8.27.2023

1 Corinthians // Abolition of Man // Christendom

1 Corinthians 5-8
5
Reject egregious sin in the church.  If they want to be called a Christian, and have their sin okayed, send them to Satan, stripping them of their Christian profession.  Your job is to deal with those in the church doing this, not so much those outside.

6
Why are you suing each other before unbelieving judges?  Work it out, or just suffer the wrong instead.  Jesus washed you clean of all those sins that will keep the rest out of the kingdom of God.  Sexual immorality especially violates the temple of the Holy Spirit - your body.

7
God gave marriage in part to deal with sexual temptation, so stay single if you can, or marry.  Those married should not divorce unless an unbeliever breaks it off.  Live as you were when saved: circumcised, married, slave, doesn't matter.  In times of persecution you might not want to marry.  Don't let marriage get in the way of serving God.  Widows can remarry.

8
On food offered to idols, idols aren't real and all foods are clean.  But some have associated certain food with their past idolatry and will refuse it.  Let them.  Don't even eat it where they can see, to help them.

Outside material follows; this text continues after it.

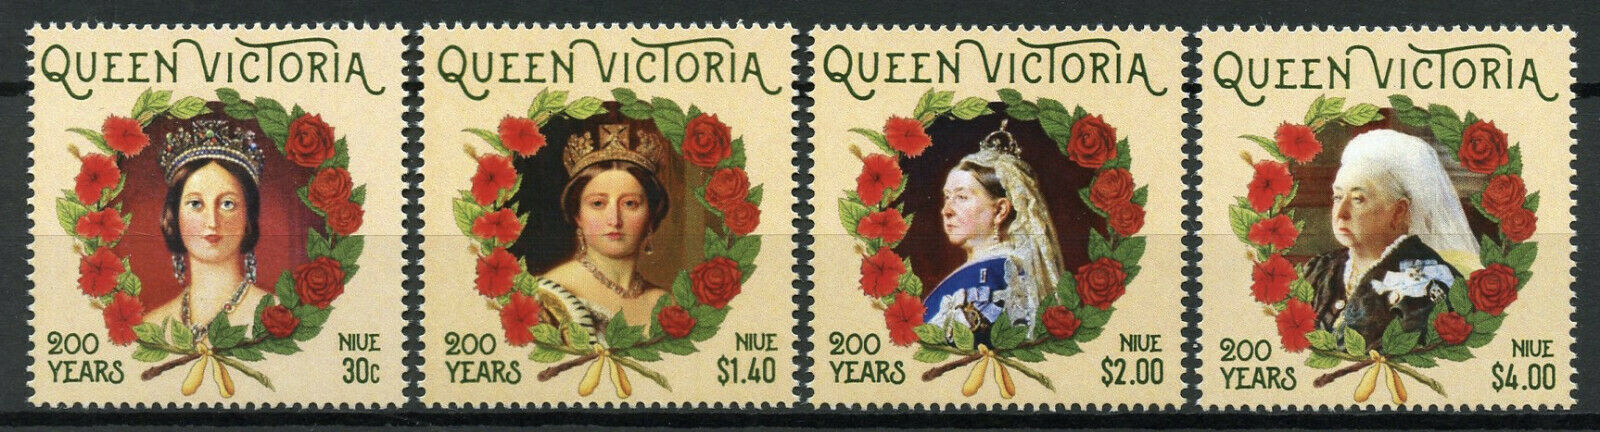 Niue Royalty Stamps 2019 MNH Queen Victoria 200th Birth Anniv 4v Set

CS Lewis expert Michael Ward, on The Abolition of Man at Hillsdale College.
This is a deep, academic dive!
Lewis asserted objective ethical and aesthetic value, on philosophical grounds, not only Christian ones.  He did this, not as an act of compromise, but as a sort of philosophical pre-evangelism.  We need to recover men with chests, a mixture of head (mind) and belly (bodily desires/needs).  Is the chest the soul?



R.R. Reno in First Things is always bracing:
"Like iron filings to a magnet, every dimension of life is tensed with potential for subordination to Christ."
He suggests Christendom may not be dead, after a prominent NYC police shooting, when "for more than two hours, the center of New York City had gone silent for a funeral Mass."
On the other hand, he isn't of the VanTil/CREC type I hang with, either: "the relation of the Church and the world is up to the world, which is sometimes hostile, sometimes indifferent, and sometimes solicitous."  A lot of "my guys" would say, no it's up to the Church's faithfulness.  I'm more with Reno.